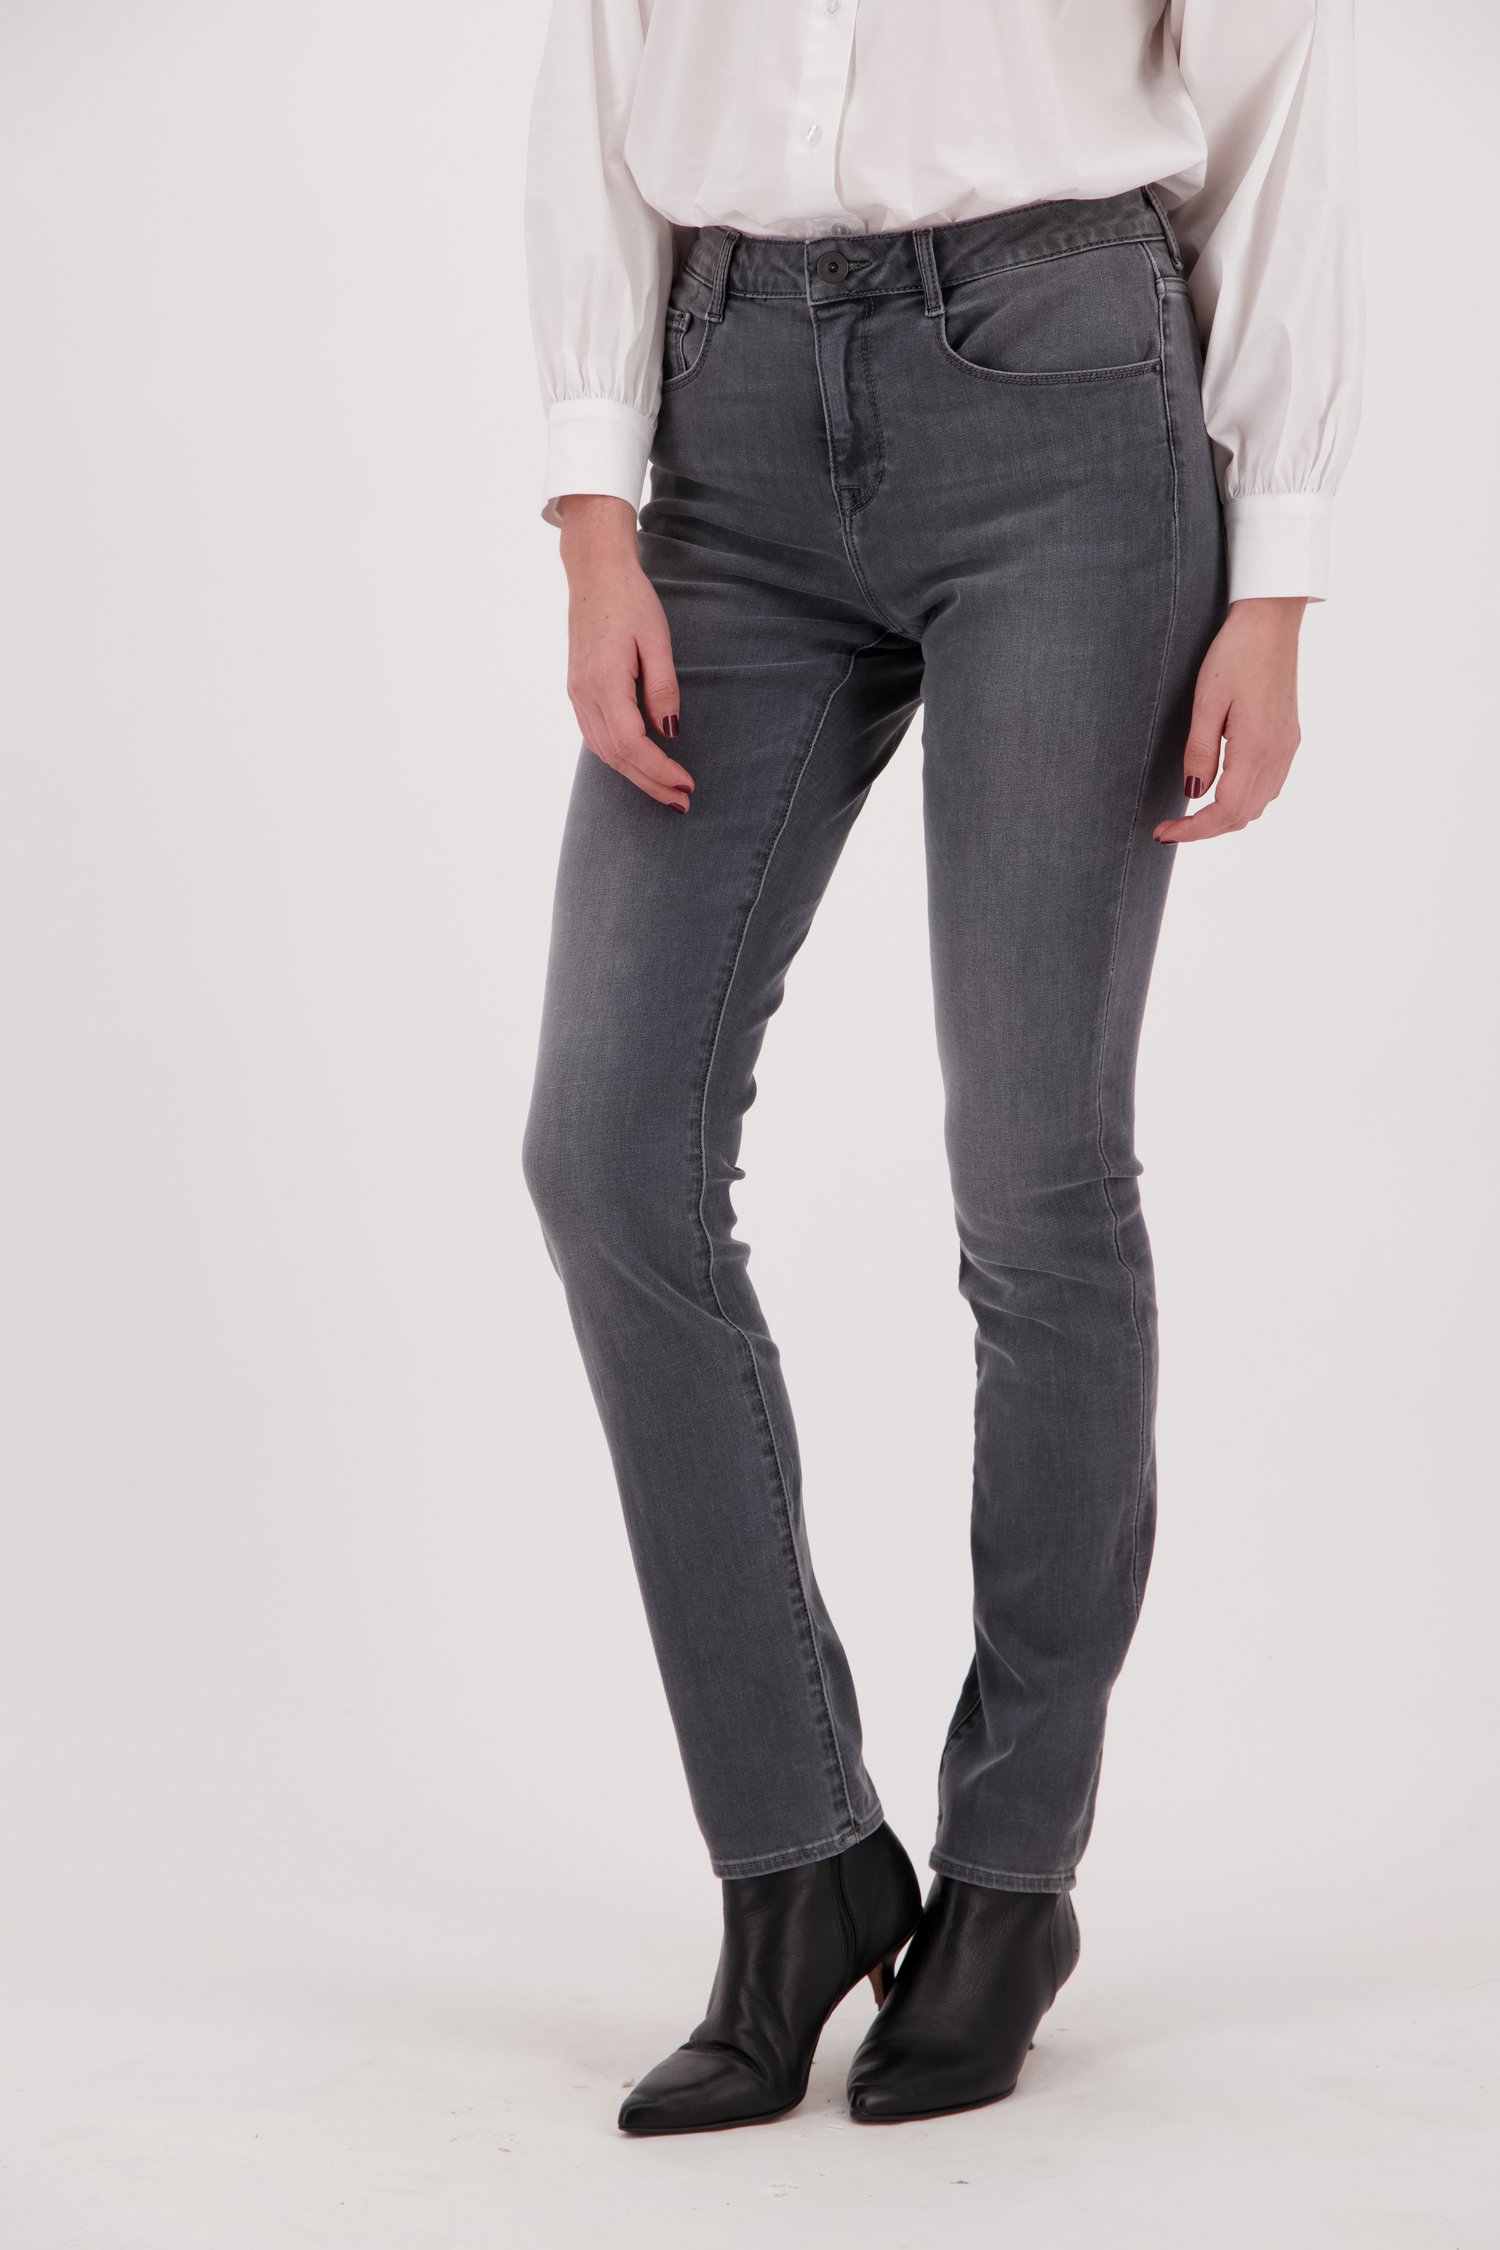 Lichtgrijze jeans - Lily - slim fit - L32 van Liberty Island Denim voor Dames
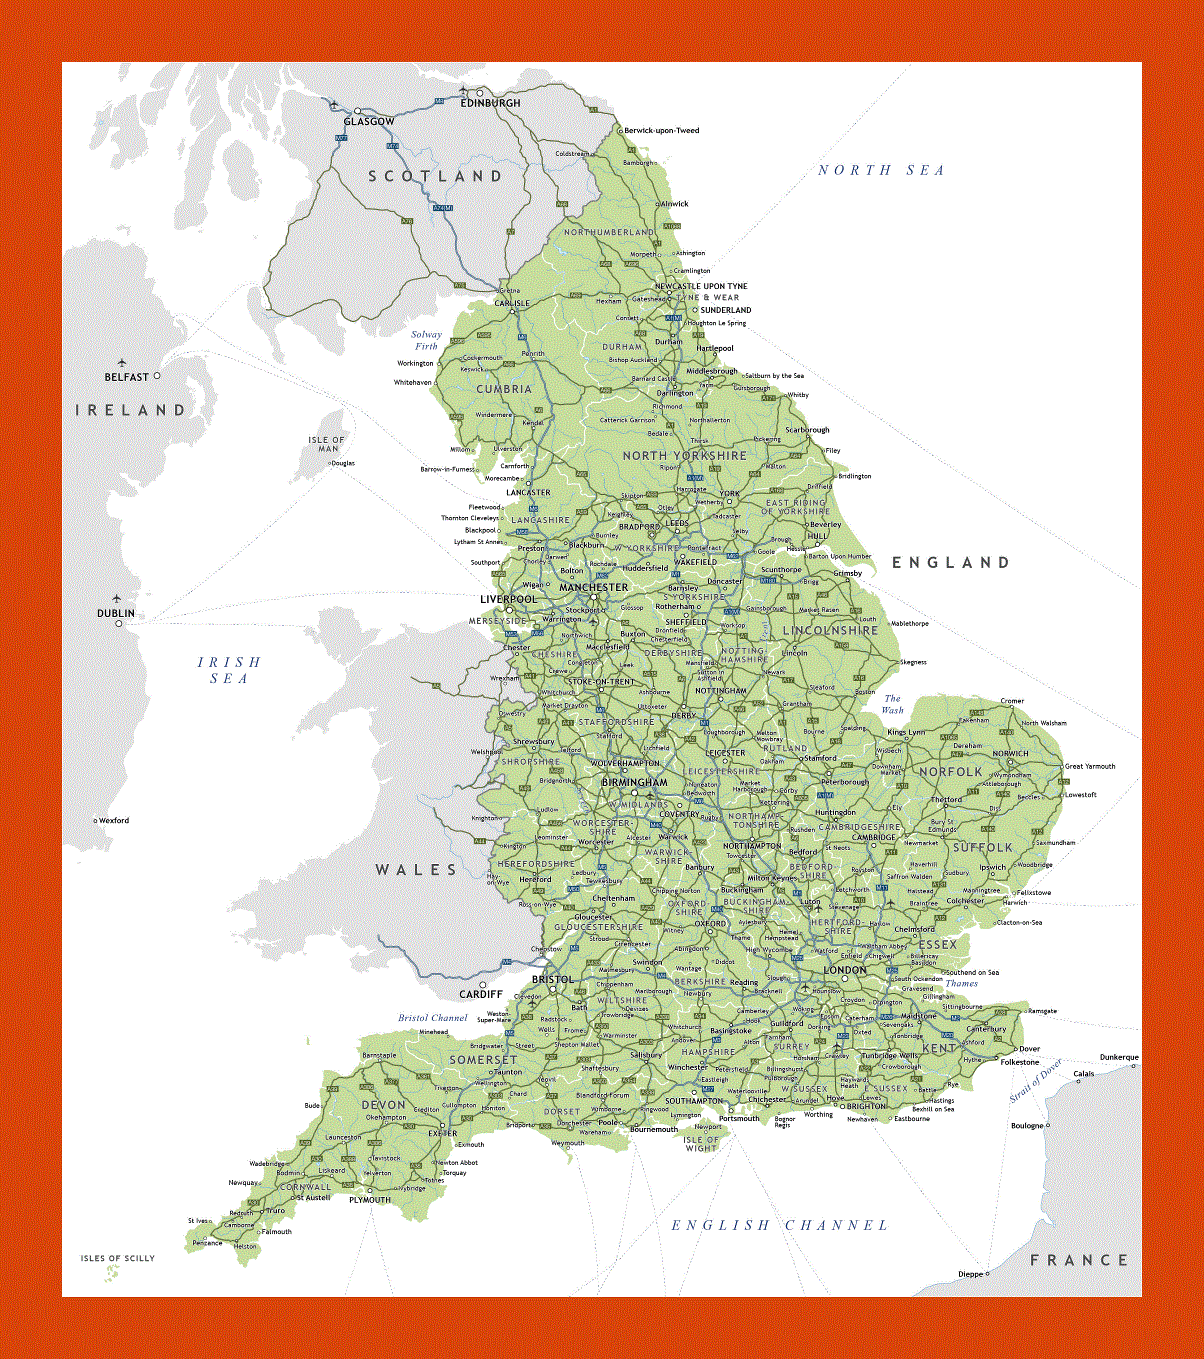 Highways map of England
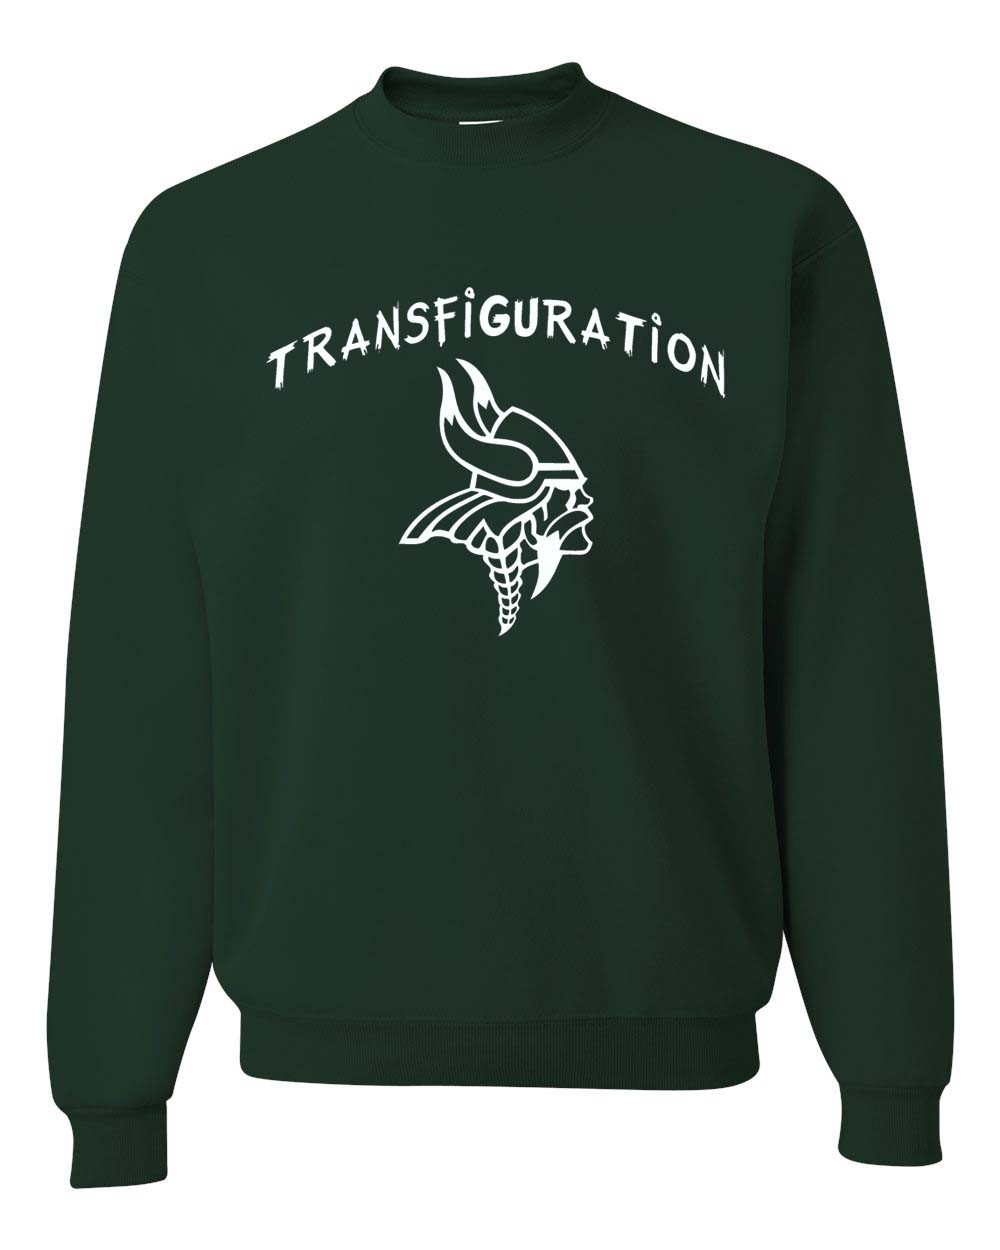 Transfiguration Gym Sweatshirt w/ School Logo *sale price in stock only

┄┄┄┄┄┄┄┄┄┄┄┄┄┄┄┄┄┄┄┄

▸ **Your goal**
Every line from the one holding "Highways map of England" to the last line of the listing above, inclusive, must appear exactly as written, and no picture may appear.

▸ **Task response**
 Highways map of England
 Transfiguration Gym Sweatshirt w/ School Logo *sale price in stock only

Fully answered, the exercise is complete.